WHAT THE EXERCISE ASKS – Word for word, give the data again without its pictures.

PROVIDED MATERIAL –
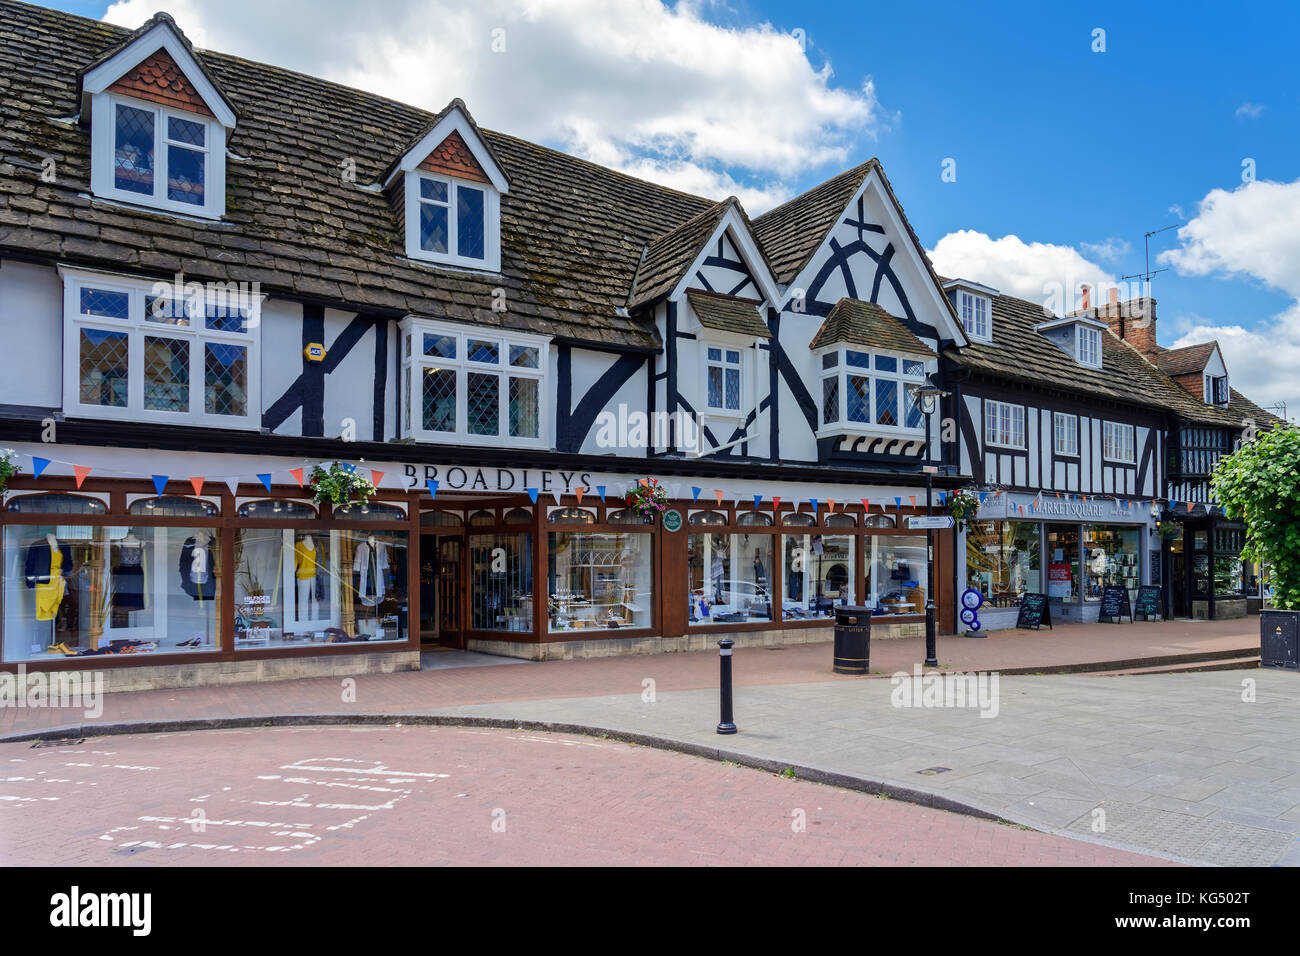 EAST GRINSTEAD, WEST SUSSEX/UK - JUNE 17 : View of the High Street in East Grinstead on June 17, 2017 Stock Photo
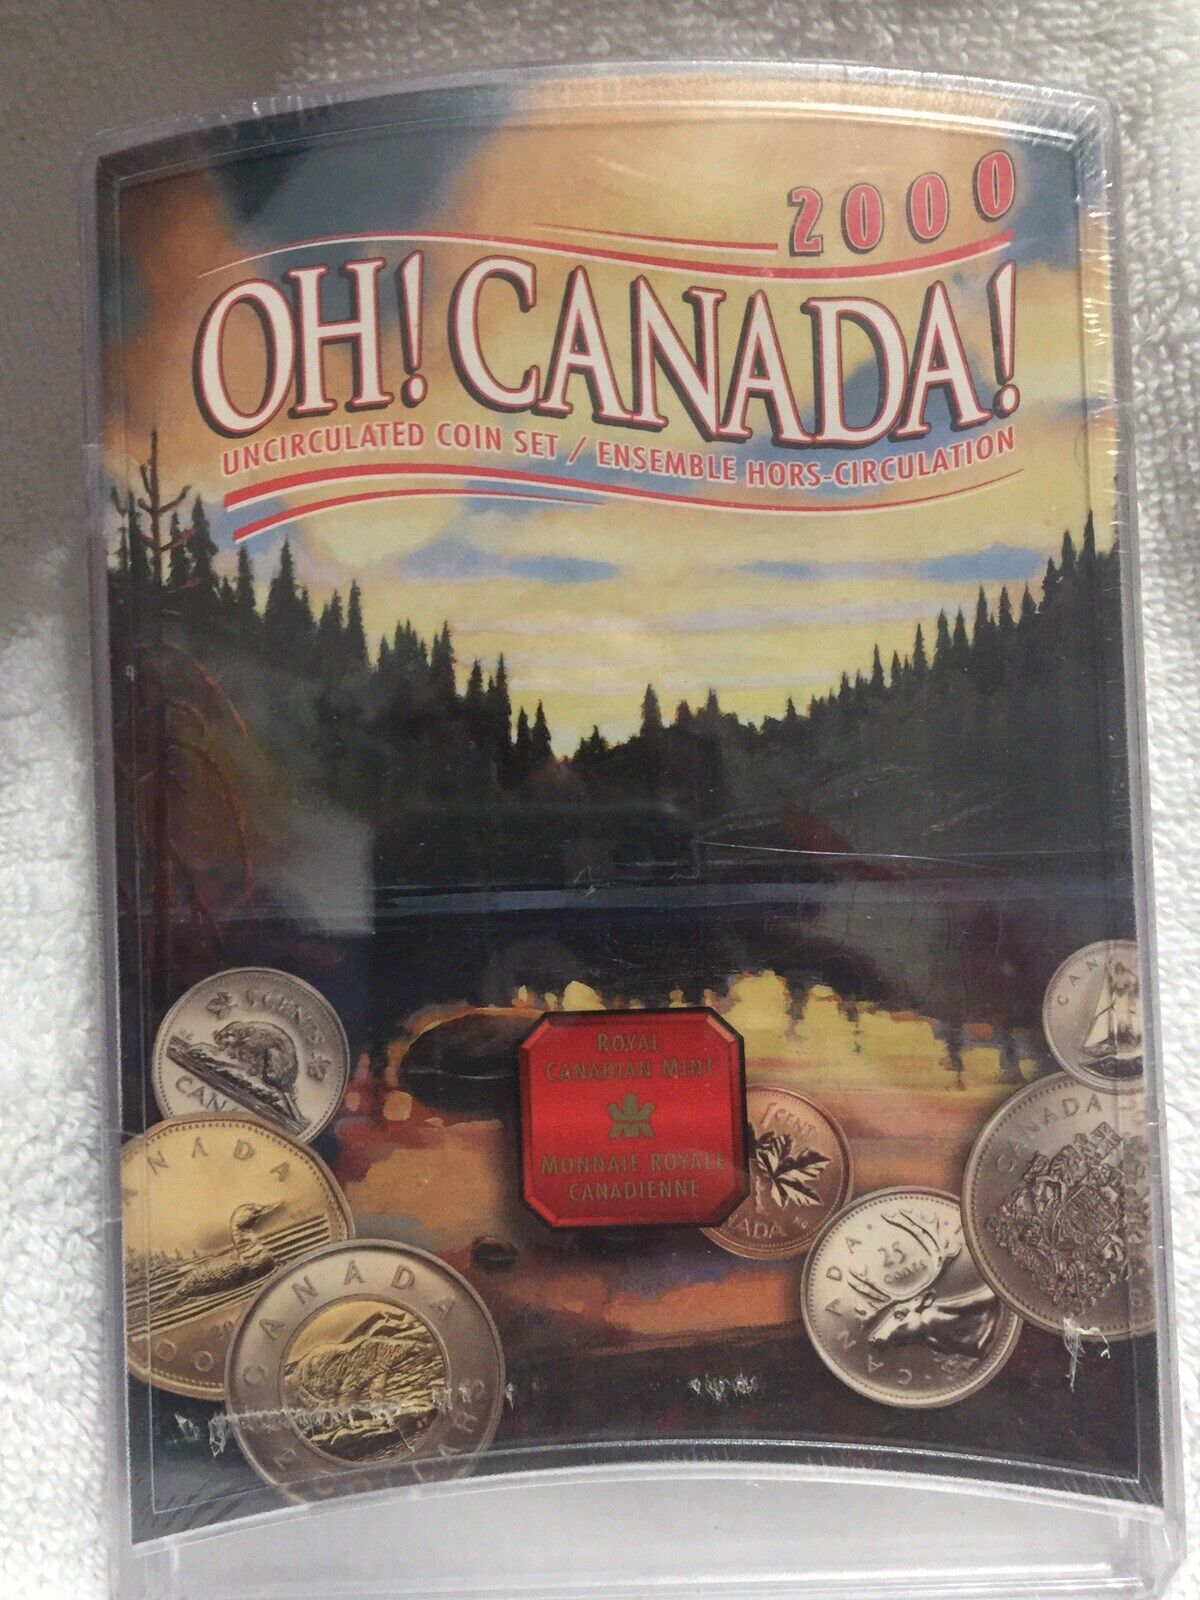 2000 OH! CANADA Uncirculated 7 Coin Set Images Of Canada Royal Canadian Mint
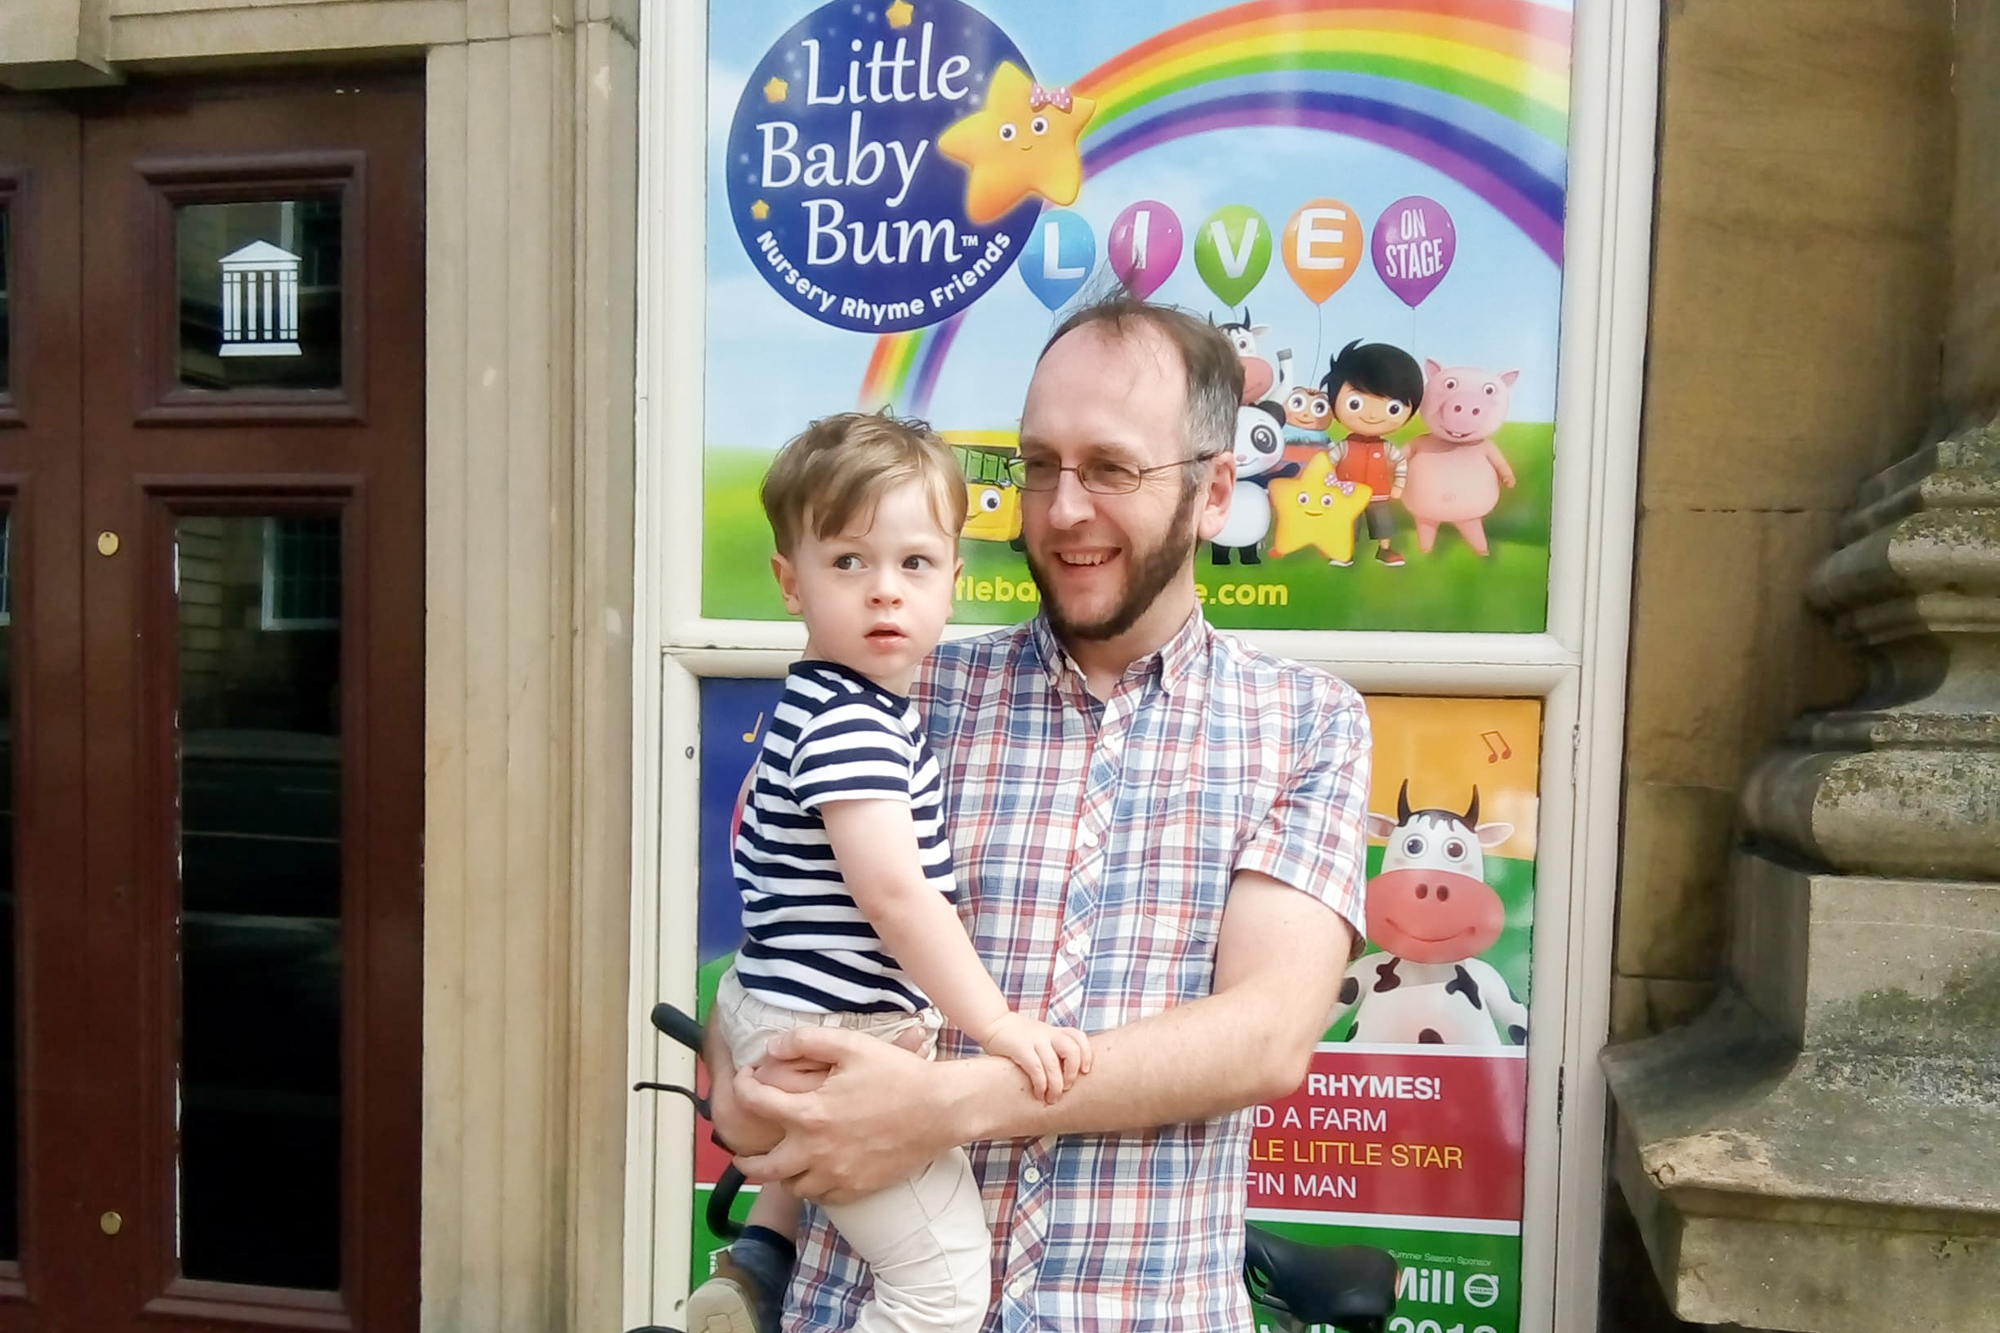 Jonah and Martin at the Little Baby Bum live show

TASK ANSWER –
 EAST GRINSTEAD, WEST SUSSEX/UK - JUNE 17 : View of the High Street in East Grinstead on June 17, 2017 Stock Photo
 2000 OH! CANADA Uncirculated 7 Coin Set Images Of Canada Royal Canadian Mint
 Jonah and Martin at the Little Baby Bum live show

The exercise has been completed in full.